Rübig advocated for support of renewable energies in the energy policy of the European Union, a reduction of carbon dioxide emissions, and an increase of energy efficiency. He opposed nuclear energy with reference to the high security risks and costs in the life cycle of nuclear power plants (construction, operation, decommissioning, final storage).
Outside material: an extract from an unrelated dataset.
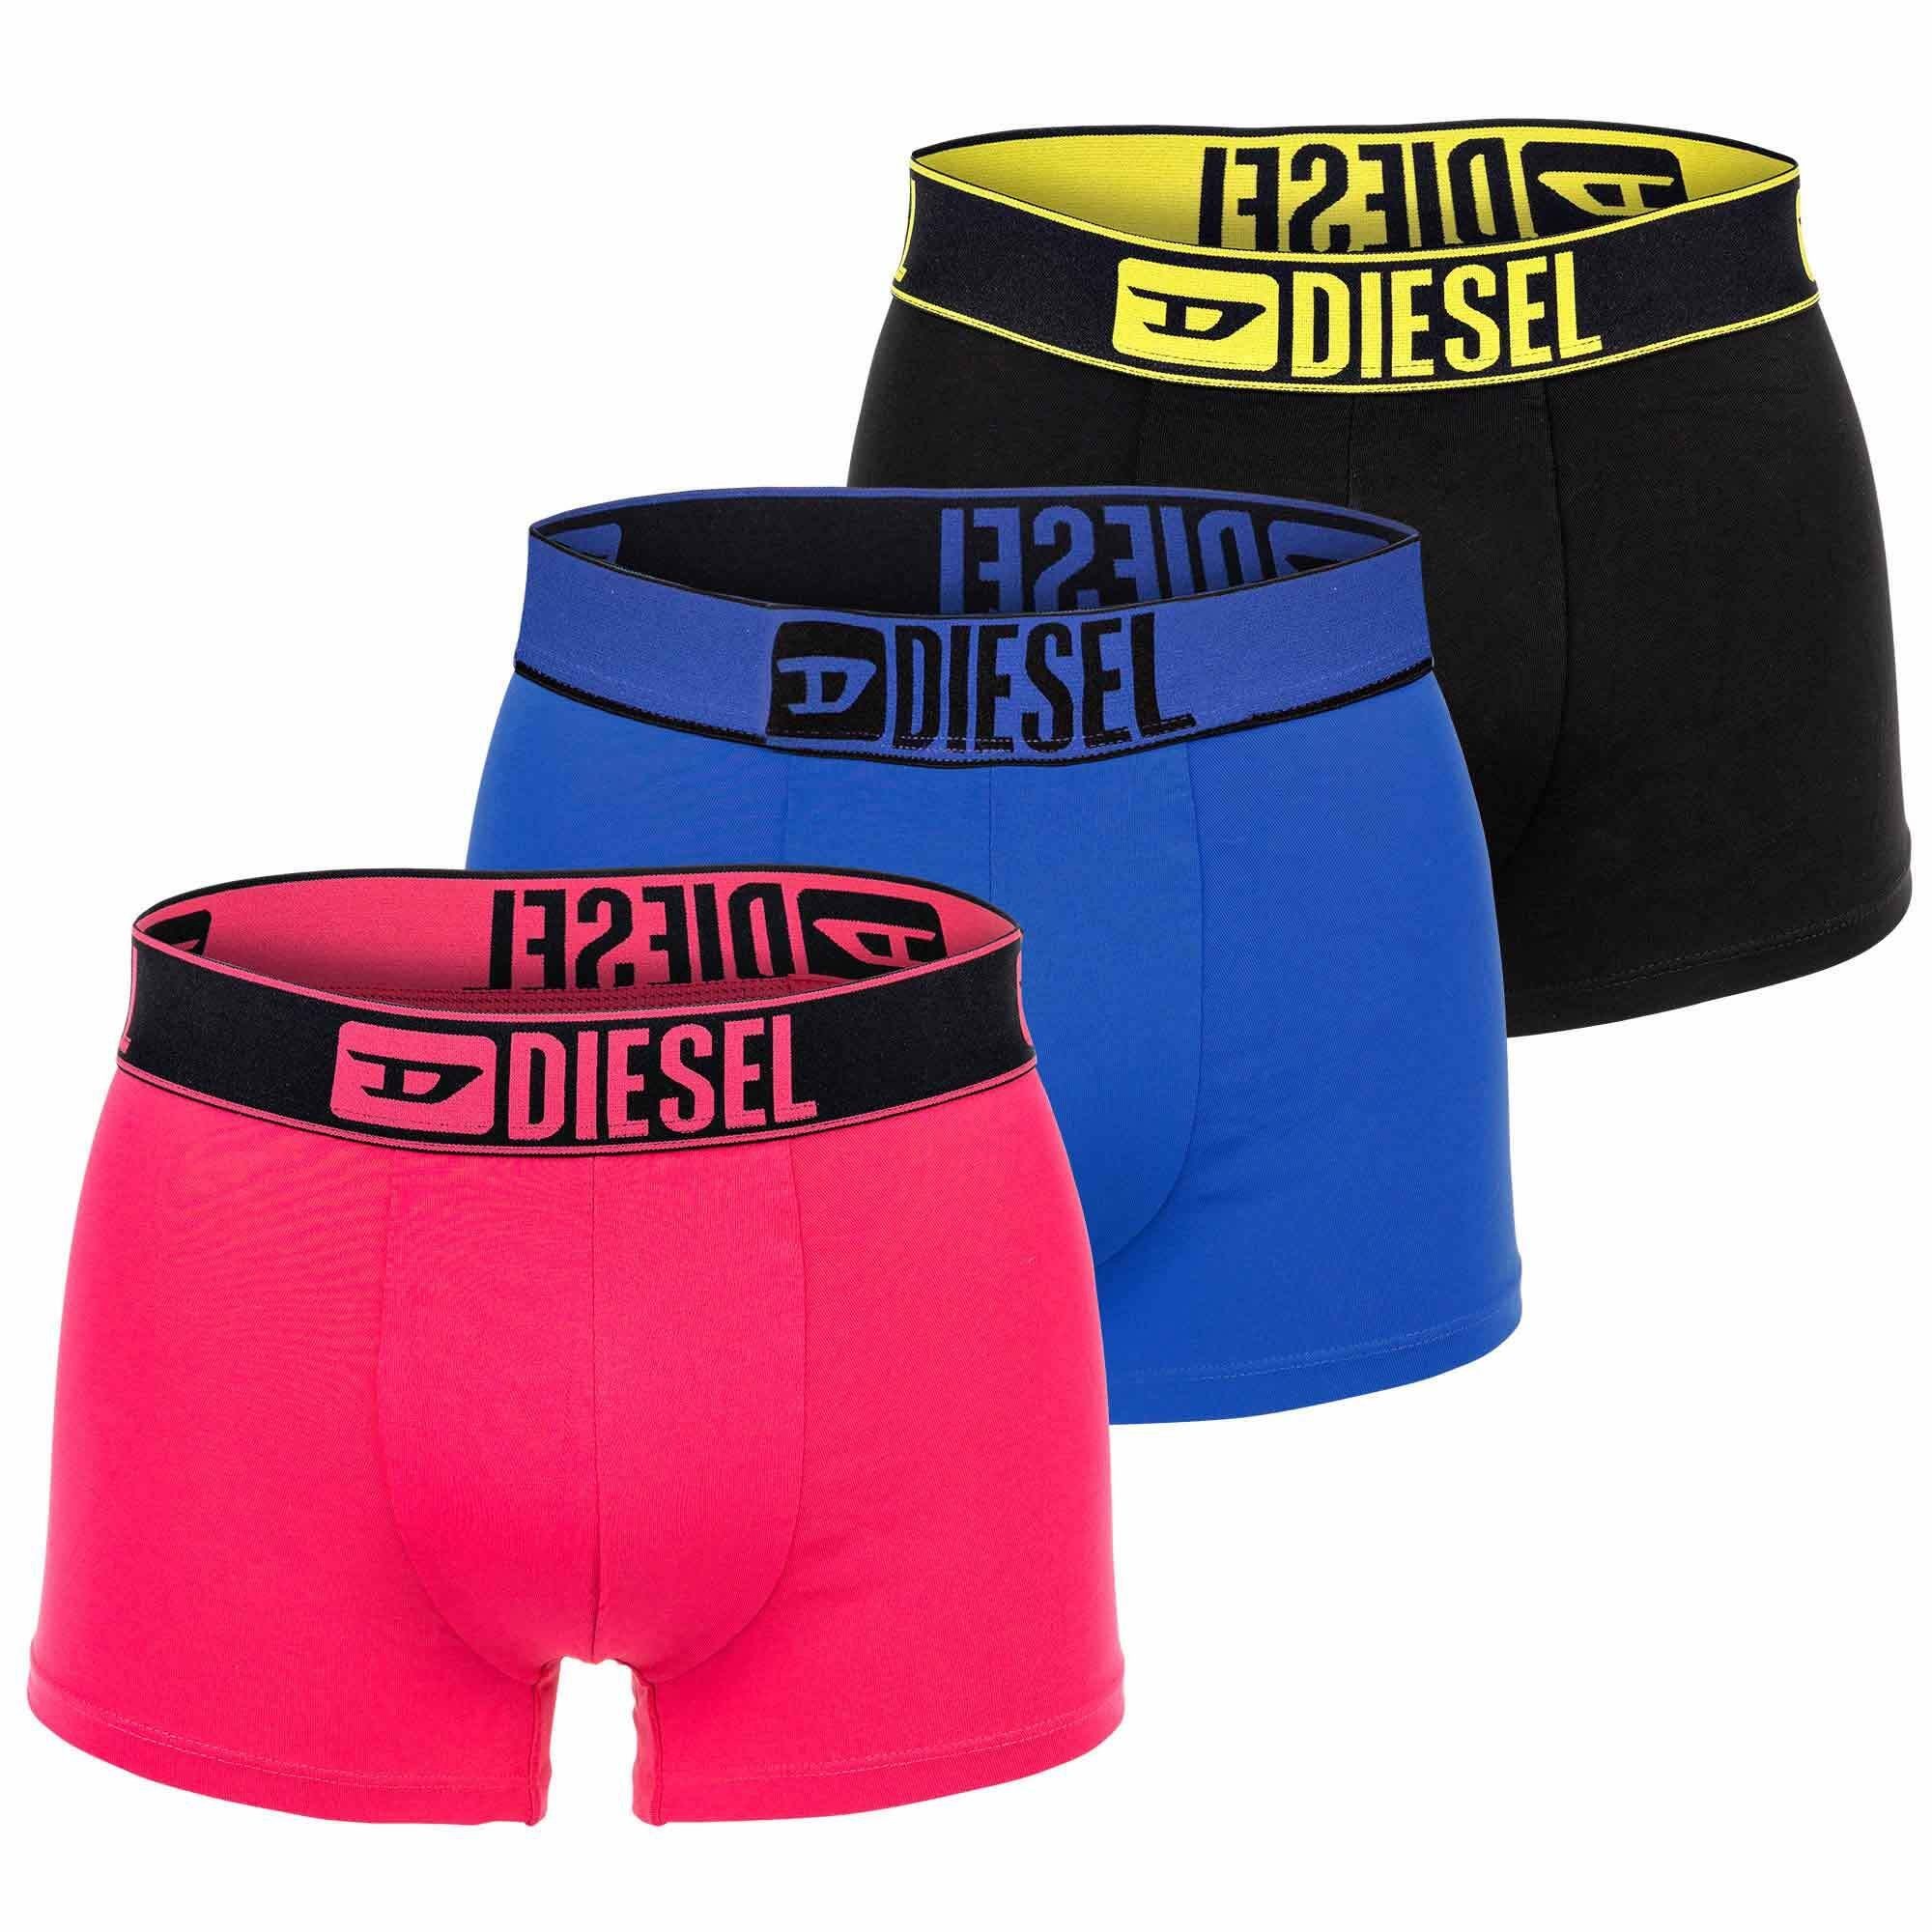 Diesel Boxer Herren Boxershorts, 3er Pack - Blau/Pink/Schwarz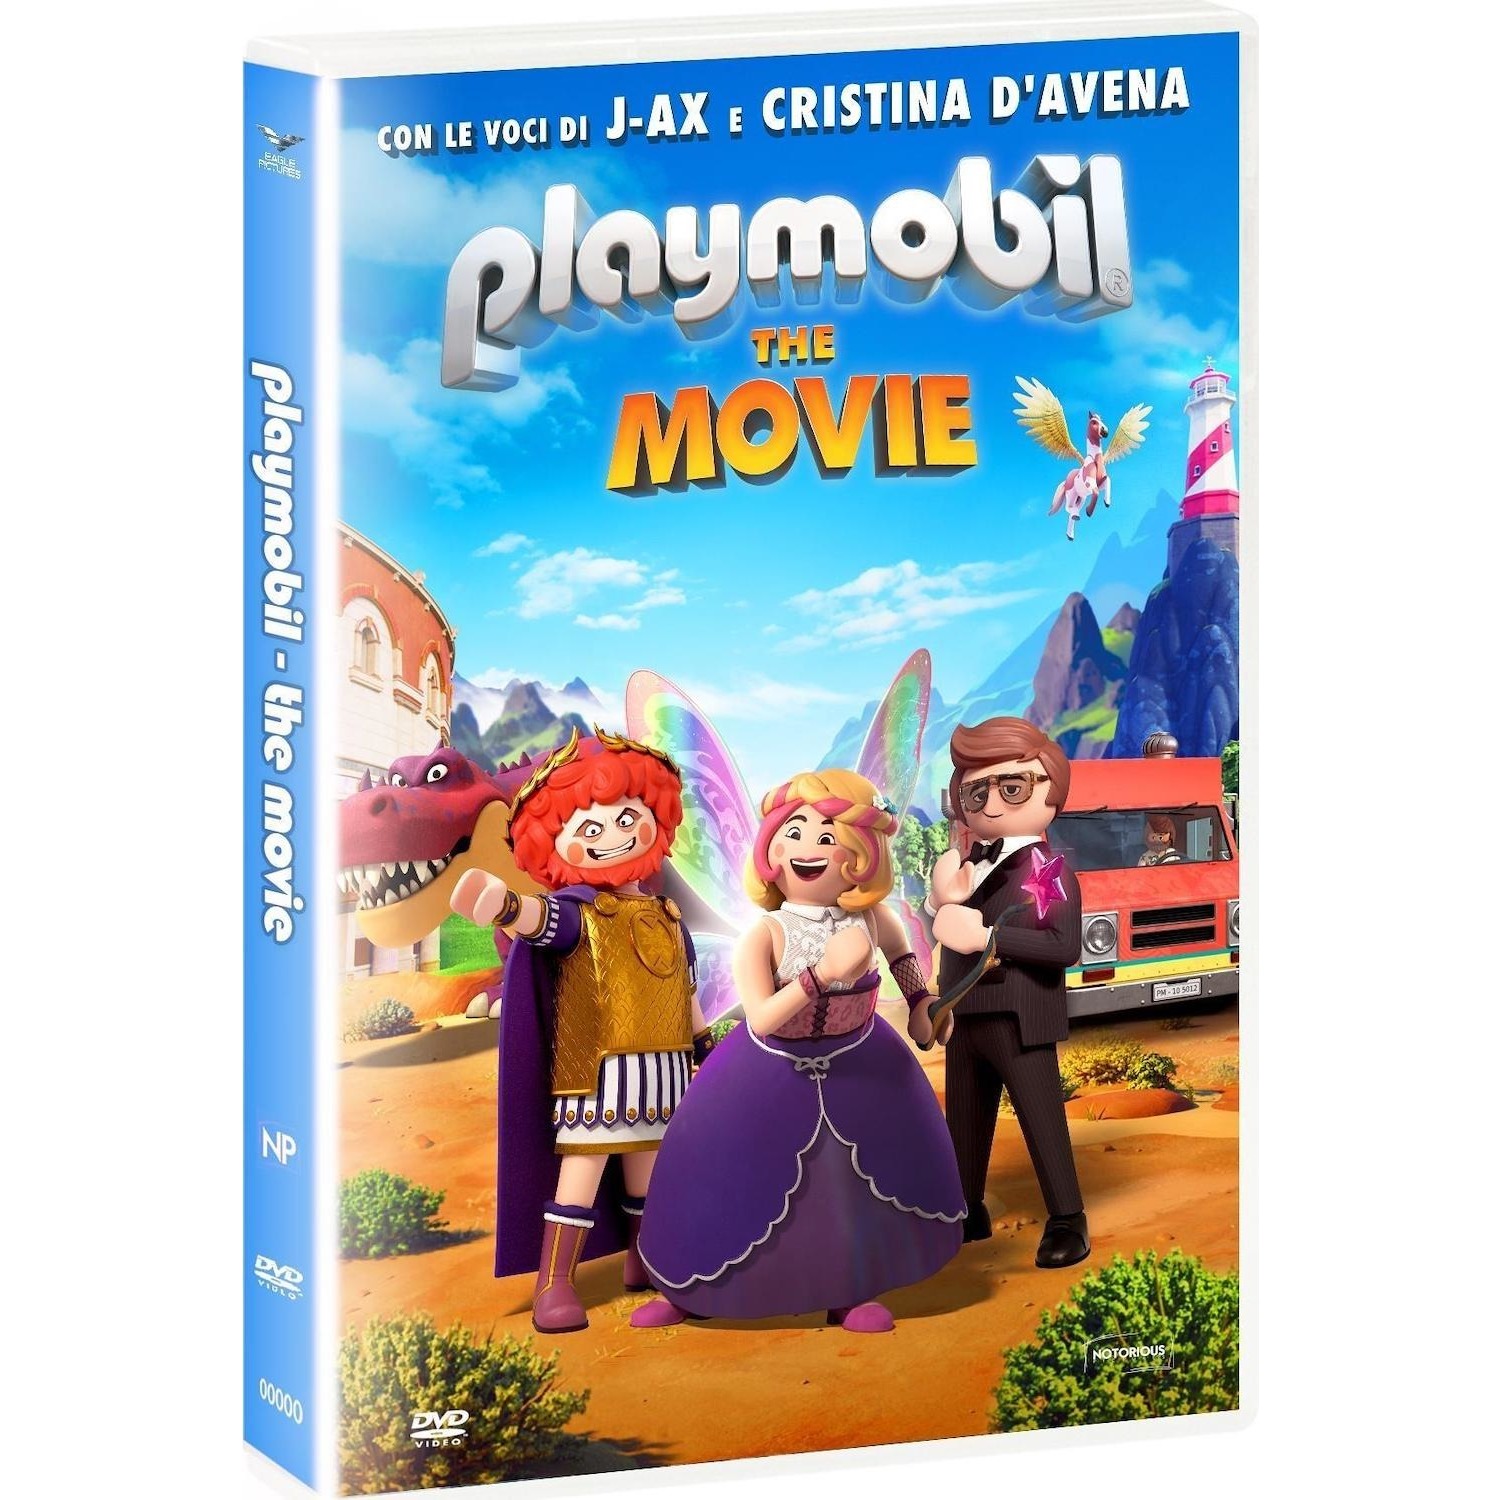 Immagine per DVD Playmobil - The movie da DIMOStore

=== Removal of global trade barriers ===

As EPP spokesperson in the WTO steering committee of the European Parliament, Rübig advocated for a sustainable removal of global trade barriers. Rübig also advocated giving companies the ability to actively participate in dispute settlement procedures of the World Trade Organization. He supported the possible Transatlantic Free Trade Agreement with the United States.

== Europeanization of the political debate ==
Rübig called for a Europeanization of news coverage in national newspapers and broadcasts, on the grounds that the public debates in the member states do not pay sufficiently attention to issues debated at European Union level. In this context, Rübig gave lectures at the College of Europe (CoE) and the French École nationale d’administration (ENA).

== Handover of the Peace Light ==
Since Austria joined the European Union (1995), Rübig initiated the tradition of bringing the Peace Light of Bethlehem to Strasbourg to hand the flame over to the Council of Europe, the European Parliament and the city itself.

== Other activities ==
- European Internet Foundation, Member
- European Parliament Ceramics Forum (EPCF), Member
- European Parliament Gypsum Forum, Member
- European Parliament Intergroup on "Climate Change, Biodiversity and Sustainable Development" (CCBSD), Member
- Plasma Protein Therapeutics Association (PPTA), Member

== Personal life ==
Rübig is married and the father of an adult daughter and son.

== Awards ==
- 2015: Member of the European Parliament of the Year, Category: Information and Communication Technology (ICT)
- 2013: Member of the European Parliament of the Year, Category: Research and Innovation
- 2013: Honorary President of SME Europe
- 2008: Member of the European Parliament of the Year, Category: Research and Innovation
- 2003: Grand Decoration of Honour in Gold for Services to the Republic of Austria

== Publications ==
- Mühlbacher, Hans / Rübig, Paul: Internationale Patent- und Lizenzpolitik, Marketingstudie 6. 1979.
- Rübig, Paul (ed.): Lizenzmarketing, Trauner Verlag, Herausgeber Kulhavy 1984.
- Kaspar, Achim / Rübig, Paul (eds.): Telekommunikation - Herausforderung für Österreich, Signum Verlag. 1997
- Kaspar, Achim / Rübig, Paul (eds.): Telekommunikation II, Signum Verlag. 1999
- Kaspar, Achim / Rübig, Paul (eds.): e-wwworld>2000, Linde Verlag. 2000
- Kaspar, Achim / Rübig, Paul (eds.): Telekommunikation IV. Sternzeit 2010, Linde Verlag 2006
- De Fouloy, Christian / Rübig, Paul: The way to a united Europe, Unicorn Verlag. 2004.